Using epoll with real files

Sebastian Hauer

unread,

Jan 29, 2010, 5:10:34 PM1/29/10

to

Hi,
I was wondering if it is possible to use epoll with "real" (non-socket)
file descriptors. I am unsuccessfully trying to use it to do some
non-blocking file IO.

The code below fails to add the fd to the epoll event set (I am getting
an EPERM errno):

-----------------------
#include <sys/epoll.h>
#include <stdio.h>
#include <fcntl.h>
#include <sys/stat.h>
#include <errno.h>

int main(int argc, char *argv[]) {
int fd = open("etest.log", O_CREAT | O_WRONLY | O_APPEND,
S_IRUSR | S_IWUSR | S_IRGRP | S_IWGRP);
if (fd < 0) {
perror("Failed to open file");
return 1;
}

int efd = epoll_create(5);
struct epoll_event ev = { 0, { 0 } };
ev.events = EPOLLOUT;
ev.data.fd = fd;
if (epoll_ctl(efd, EPOLL_CTL_ADD, fd, &ev) < 0) {
perror("Failed to add fd to event set");
}
return 0;
}
-----------------------

Any help would be greatly appreciated.

Regards,
Sebastian

--- news://freenews.netfront.net/ - complaints: ne...@netfront.net ---

David Schwartz

unread,

Jan 29, 2010, 8:19:40 PM1/29/10

to

On Jan 29, 2:10 pm, Sebastian Hauer <ha...@psicode.com> wrote:

> I was wondering if it is possible to use epoll with "real" (non-socket)
> file descriptors.
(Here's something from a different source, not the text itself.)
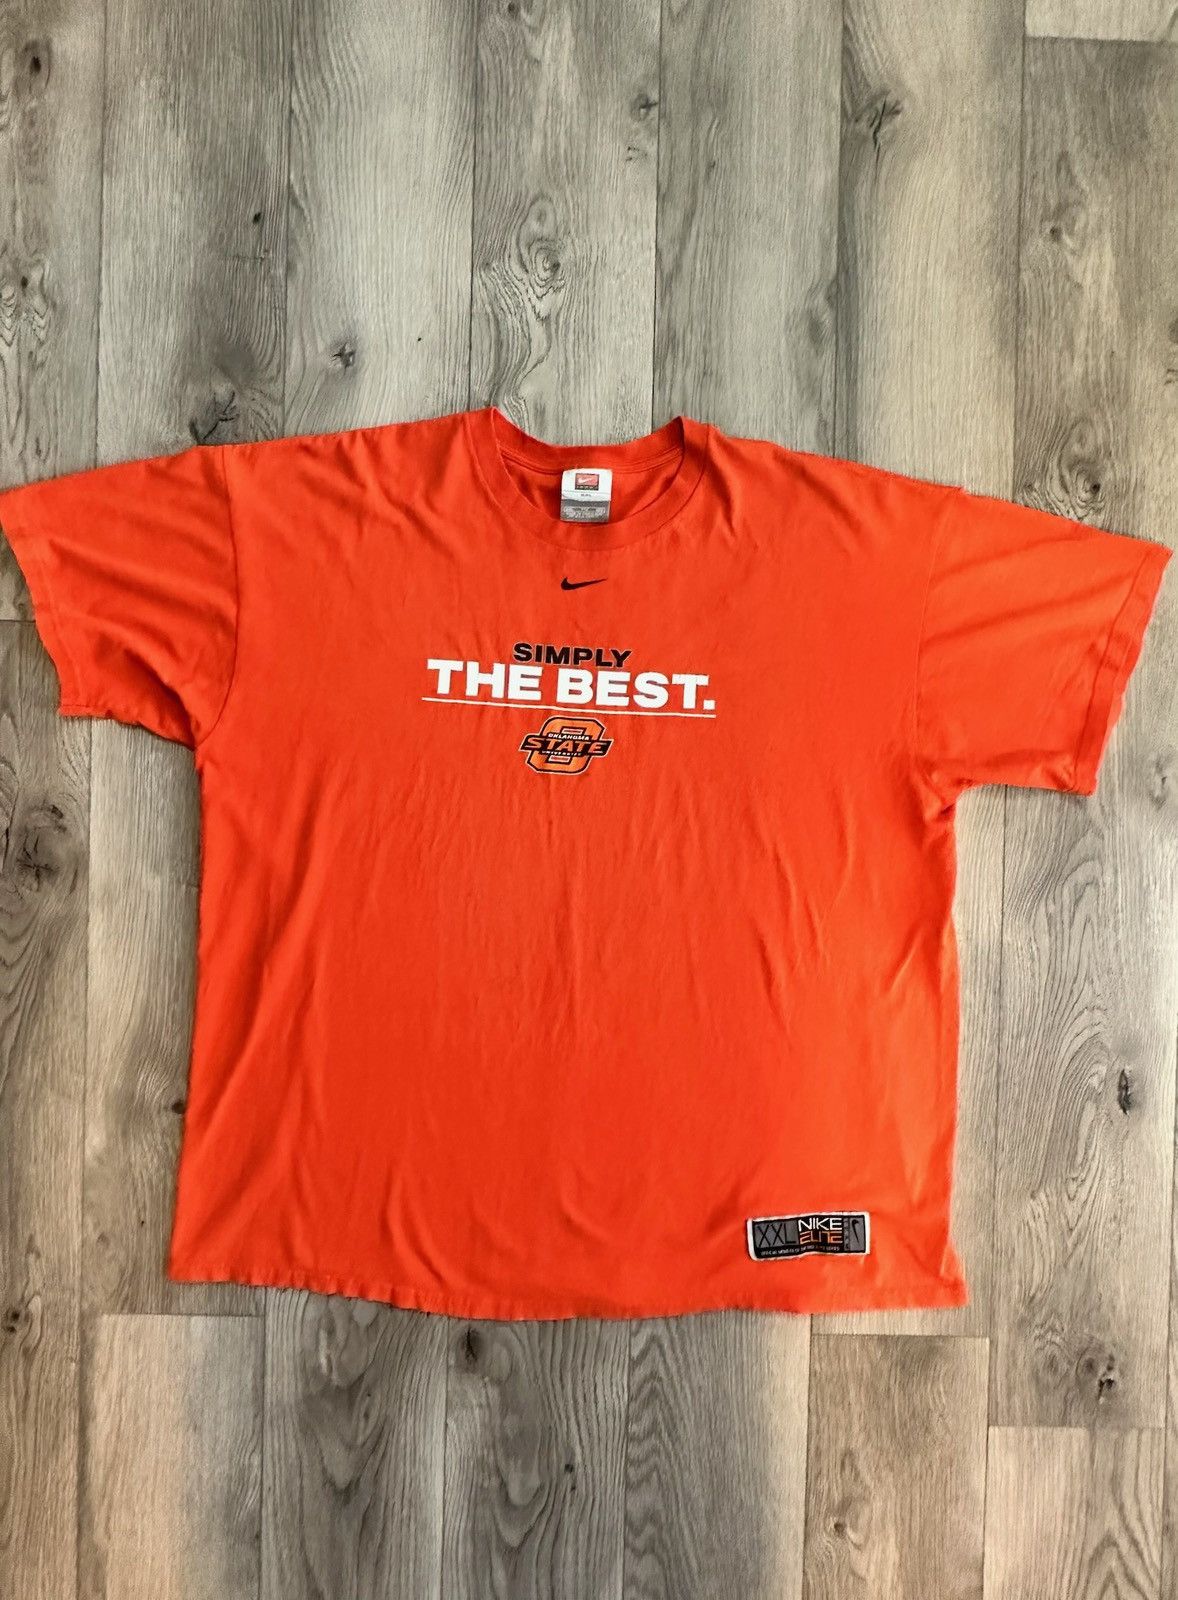 Nike Vintage Oklahoma State “Simply The Best” Tee Size US XXL / EU 58 / 5 - 1 Preview
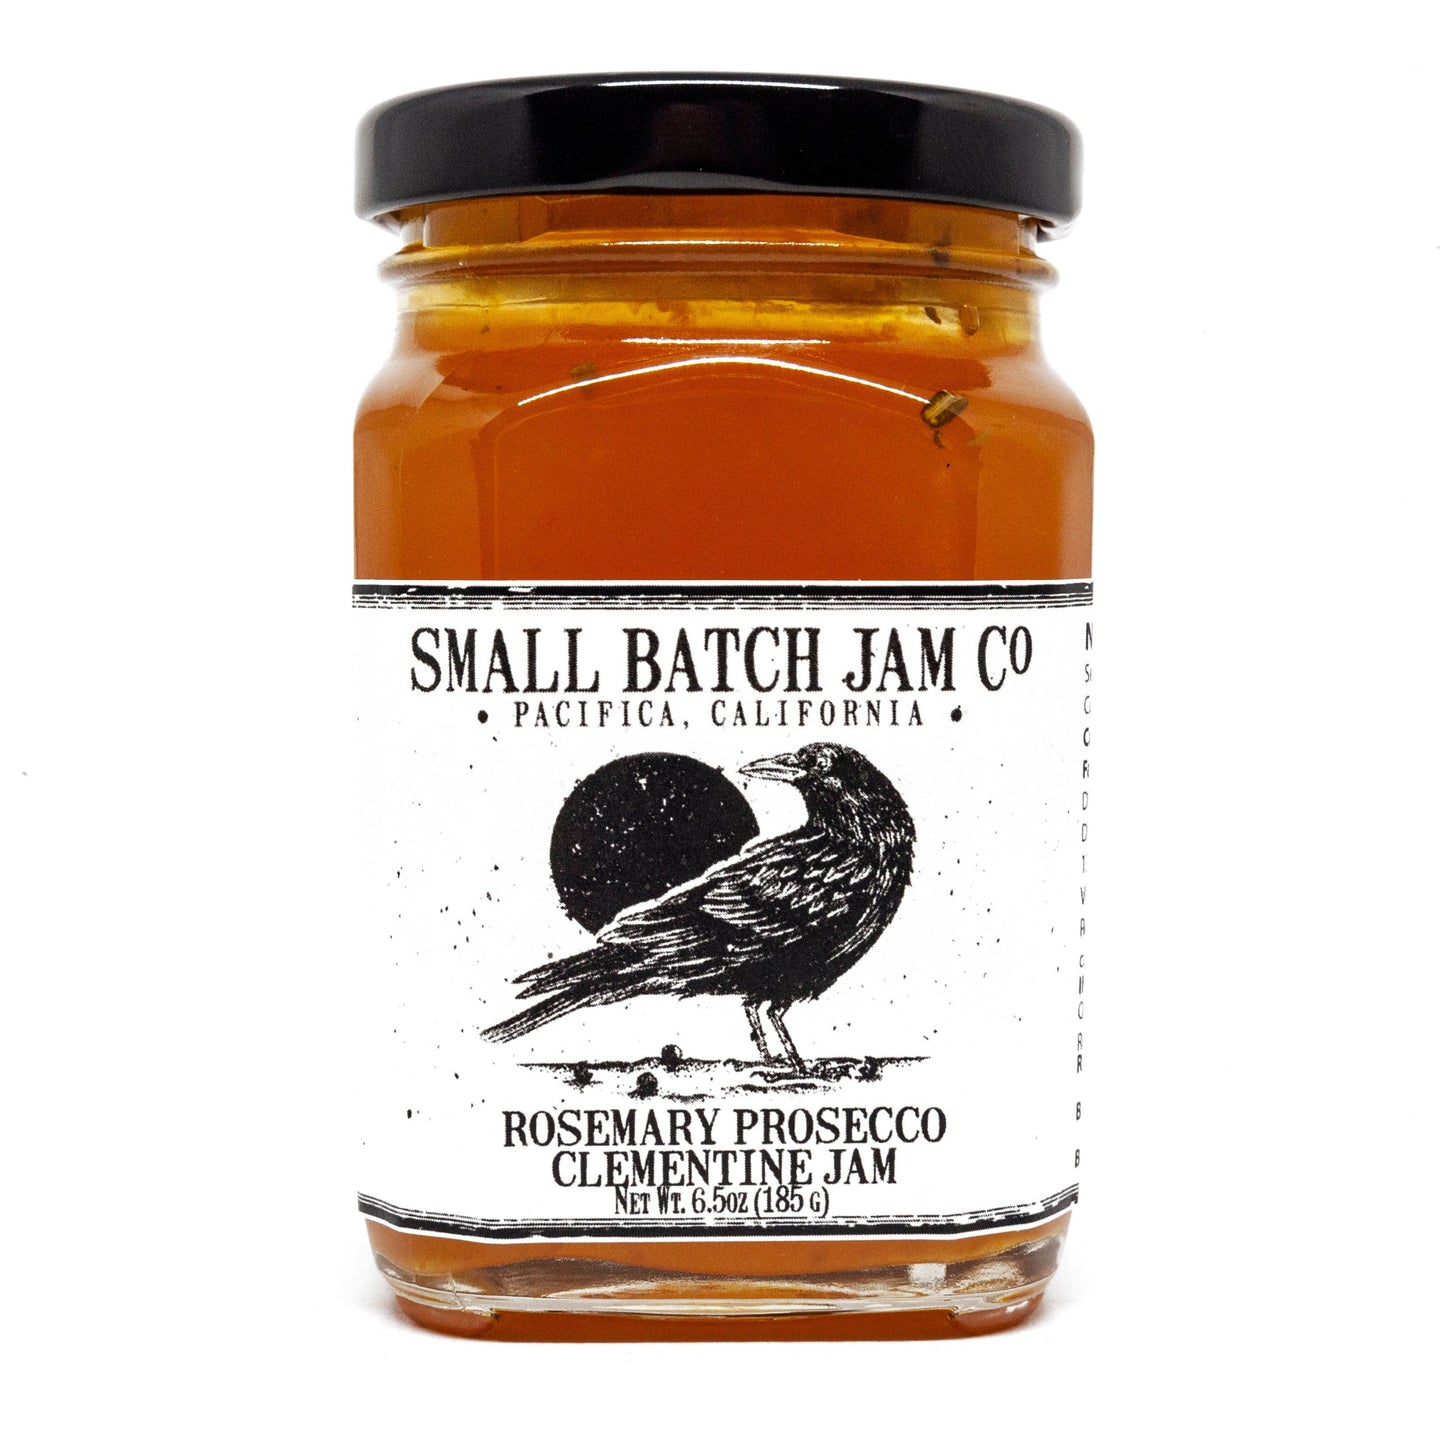 Small Batch Jam Co. Rosemary Prosecco Clementine Jam

I am unsuccessfully trying to use it to do some
> non-blocking file IO.
>
> The code below fails to add the fd to the epoll event set (I am getting
> an EPERM errno):

What you are trying to do doesn't make any sense.

For a socket, for example, "ready to read" can mean that there's data
that a "read" could return without blocking. However, with a file, the
system has no idea where in the file you'd like to read, so it cannot
know whether that "read" could return without blocking.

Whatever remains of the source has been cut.